TL;DR
This paper statistically analyzes the prevalence of warped throat geometries in string theory vacua, finding that such structures capable of explaining the electroweak hierarchy are common, with shorter throats being statistically unavoidable.
Contribution
It provides a quantitative estimate of the frequency and length distribution of warped throats in the string landscape, focusing on KKLT vacua with many 3-cycles.
Findings
Throats explaining the electroweak hierarchy are common in the landscape.
Shorter throats are statistically unavoidable.

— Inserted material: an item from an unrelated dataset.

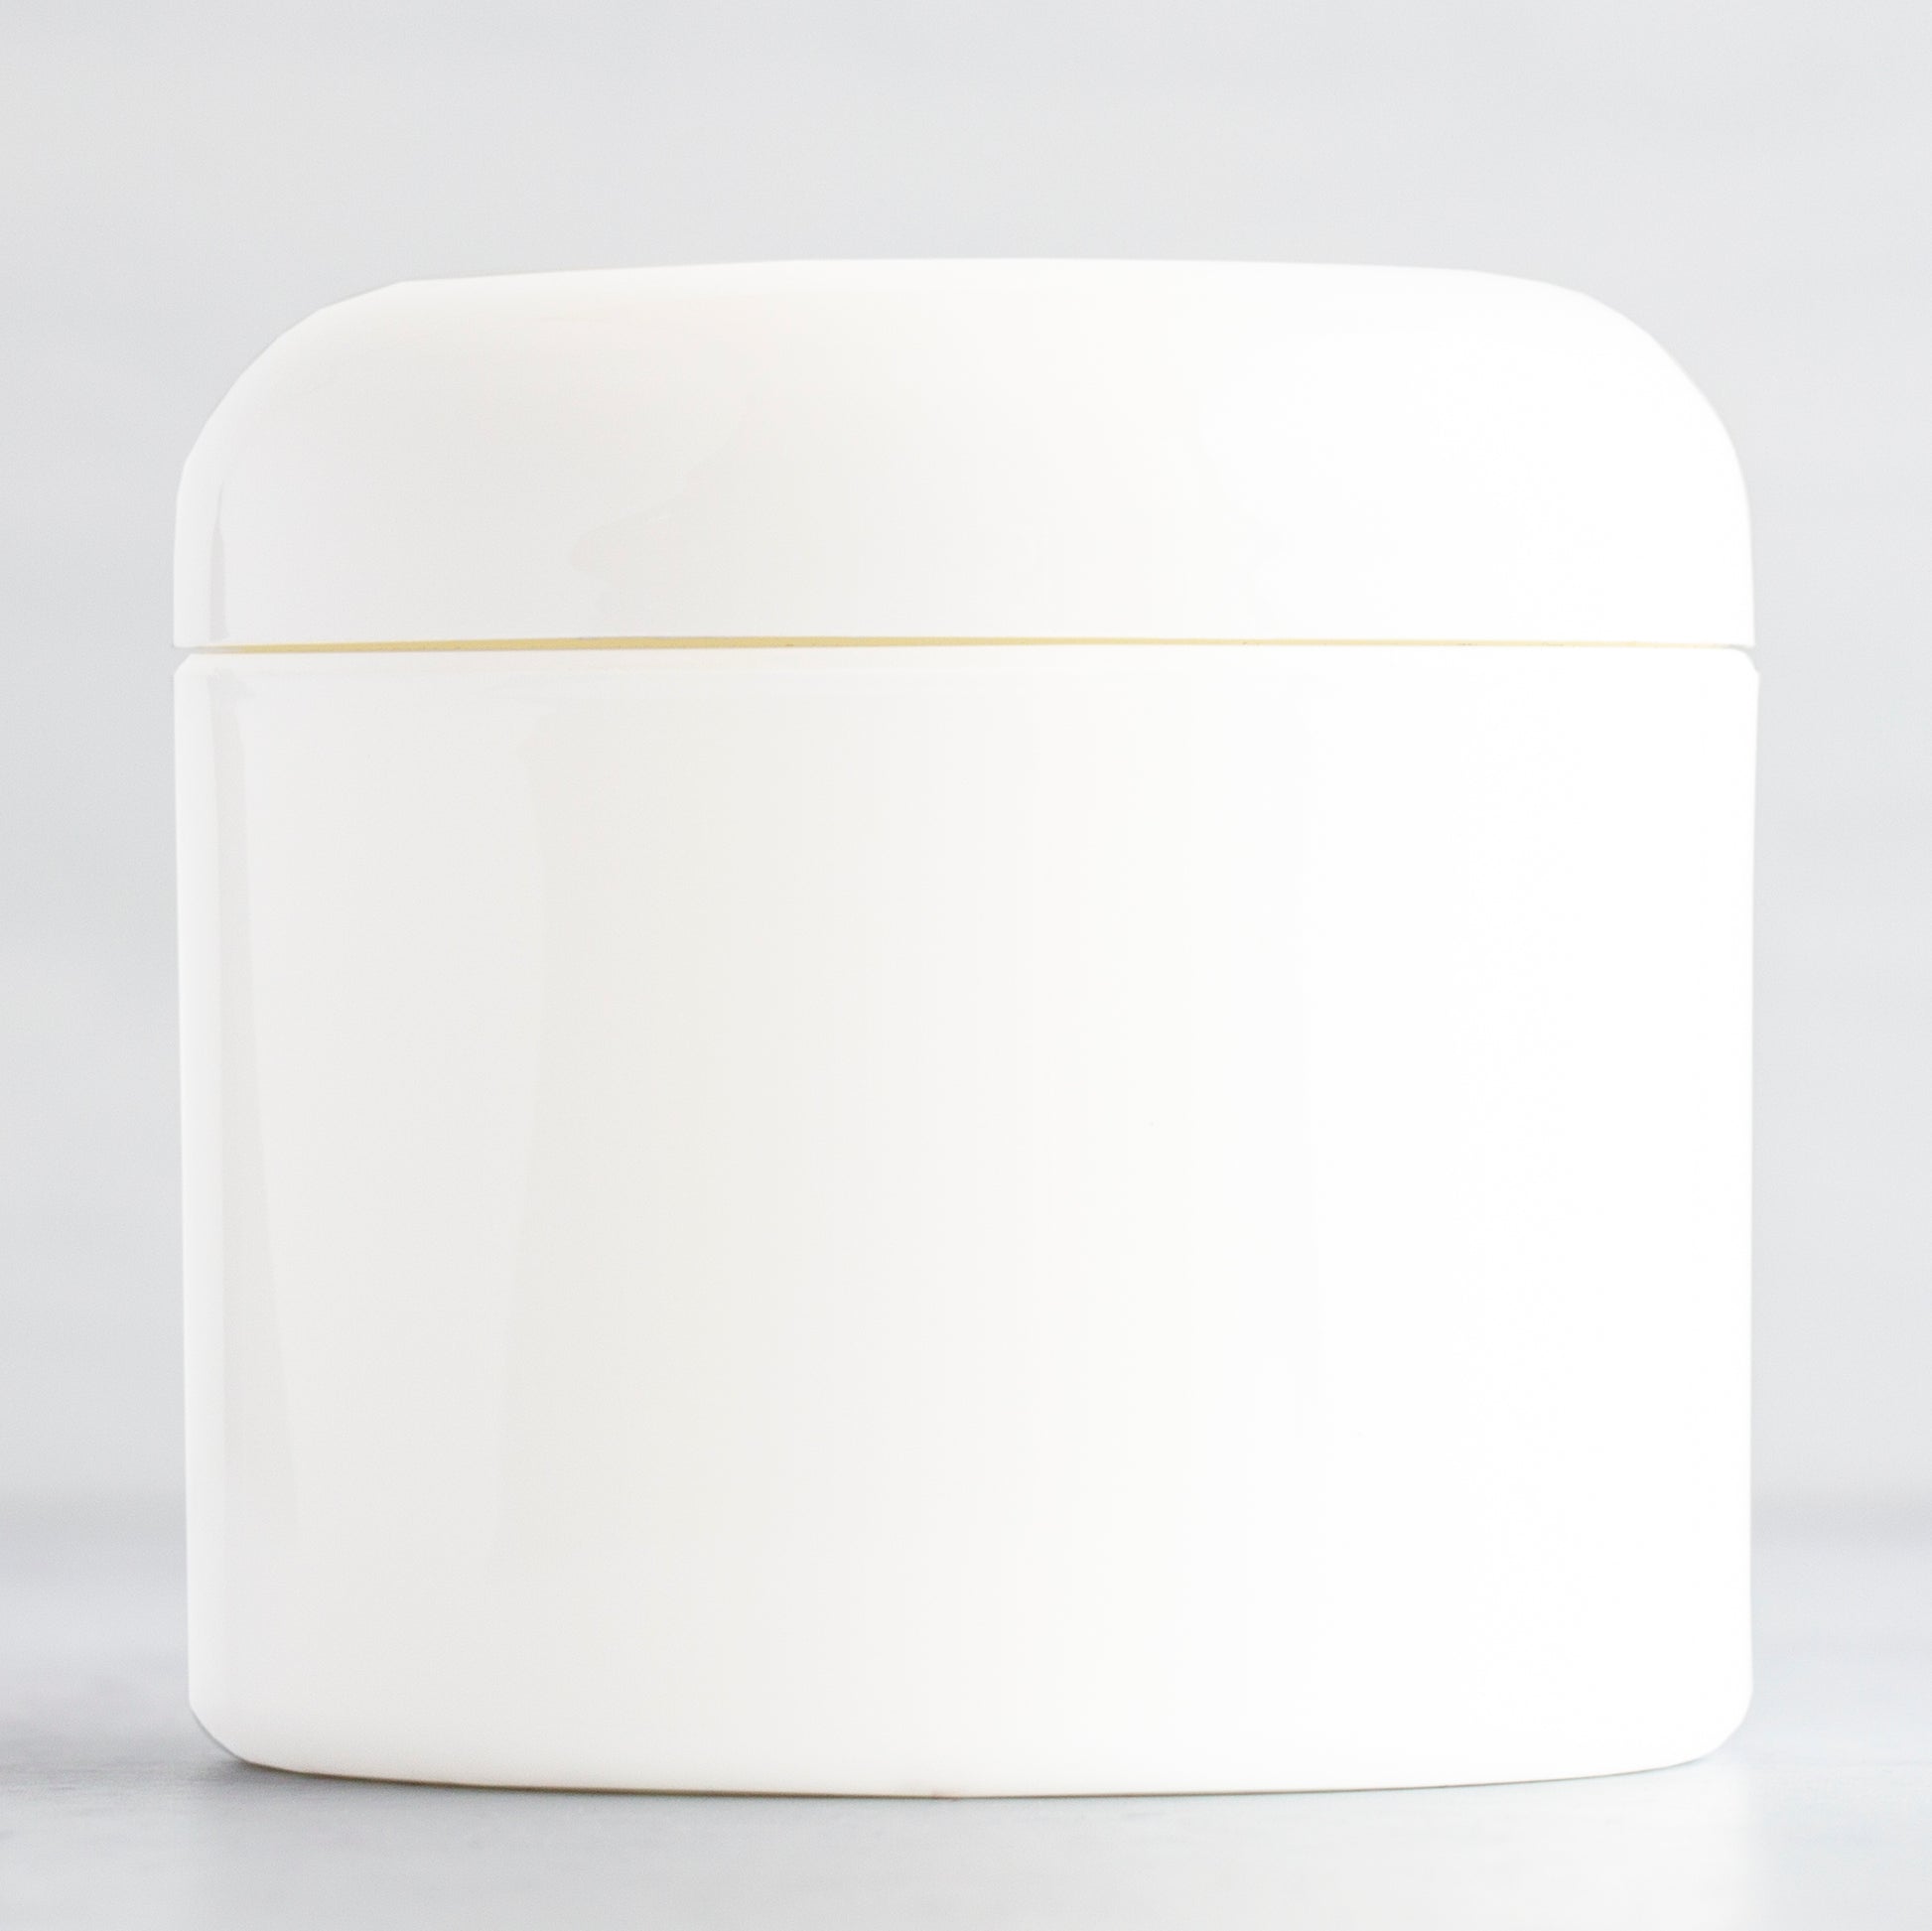 4 oz White Square Base Plastic Jar with White Dome Cap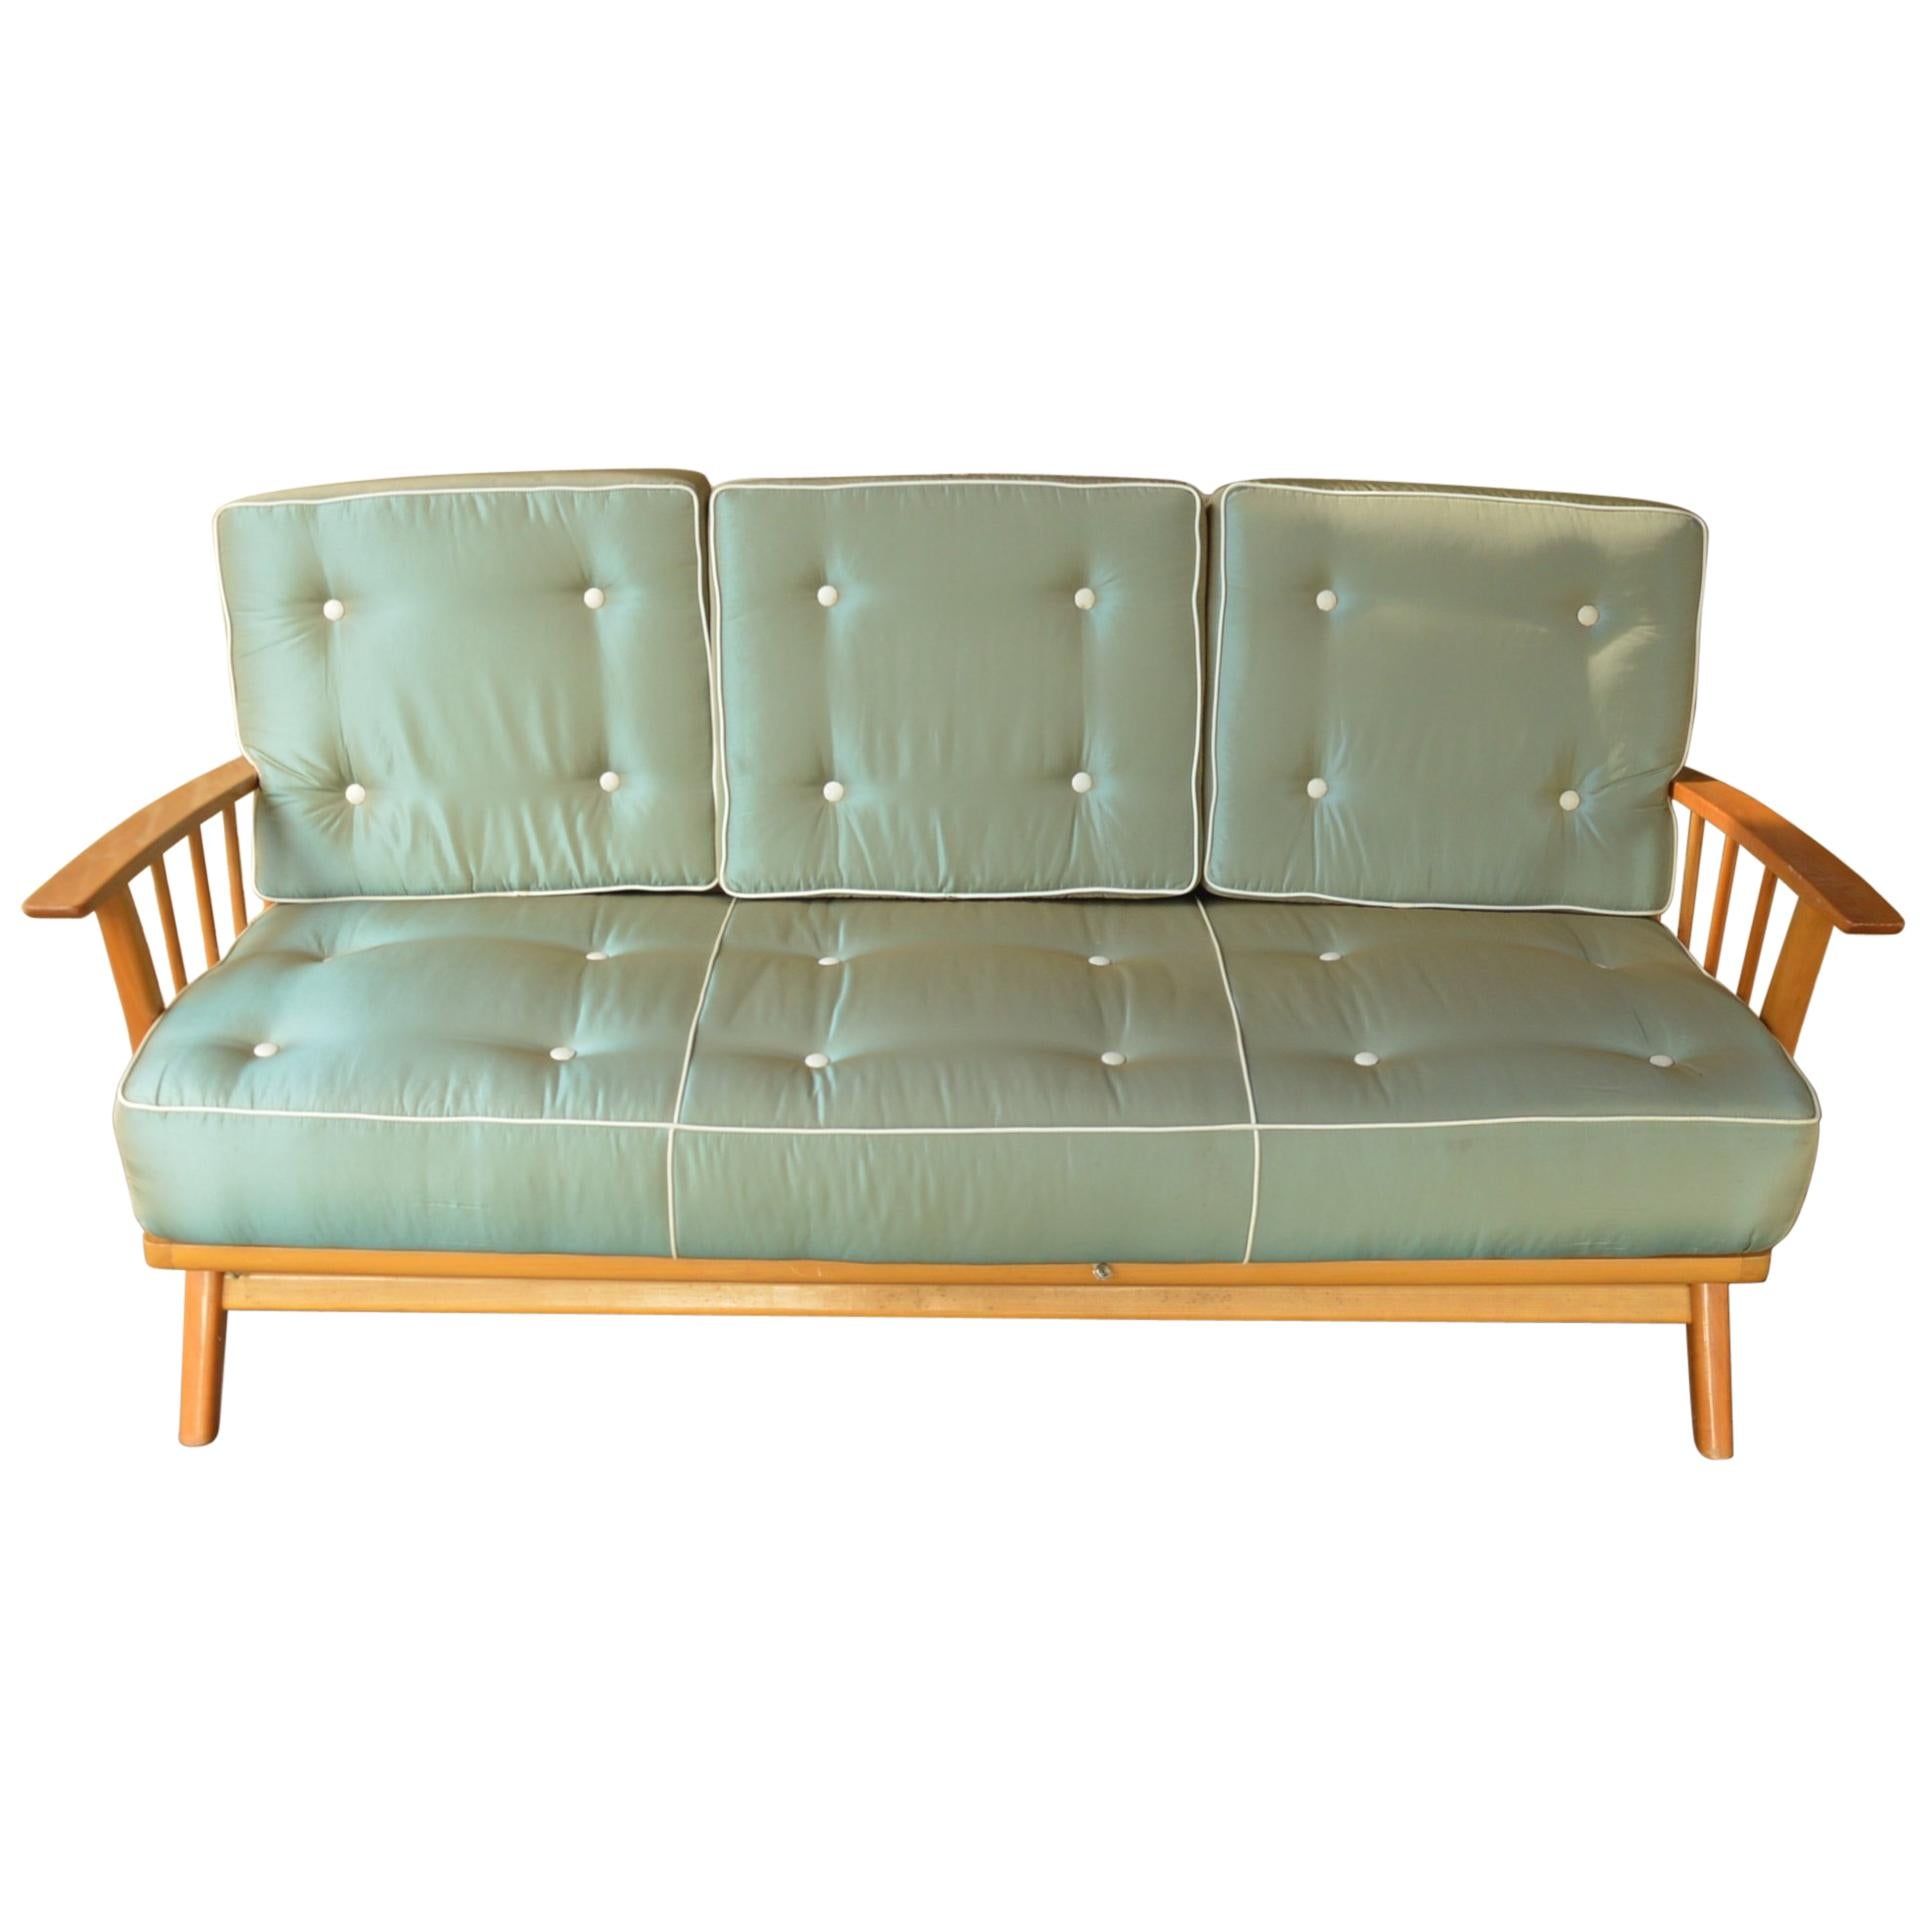 Modernist Designer Vintage Sofa with Foldable Arms, 1960s For Sale

Large fractions of vacua contain multiple warped throats.
Abstract
We attempt to quantify the widely-held belief that large hierarchies induced by strongly-warped geometries are common in the string theory landscape. To this end, we focus on the arguably best-understood subset of vacua -- type IIB Calabi-Yau orientifolds with non-perturbative Kaehler stabilization and a SUSY-breaking uplift (the KKLT setup). Within this framework, vacua with a realistically small cosmological constant are expected to come from Calabi-Yaus with a large number of 3-cycles. For appropriate choices of flux numbers, many of these 3-cycles can, in general, shrink to produce near-conifold geometries. Thus, a simple statistical analysis in the spirit of Denef and Douglas allows us to estimate the expected number and length of Klebanov-Strassler throats in the given set of vacua. We find that throats capable of explaining the electroweak hierarchy are expected to be present in…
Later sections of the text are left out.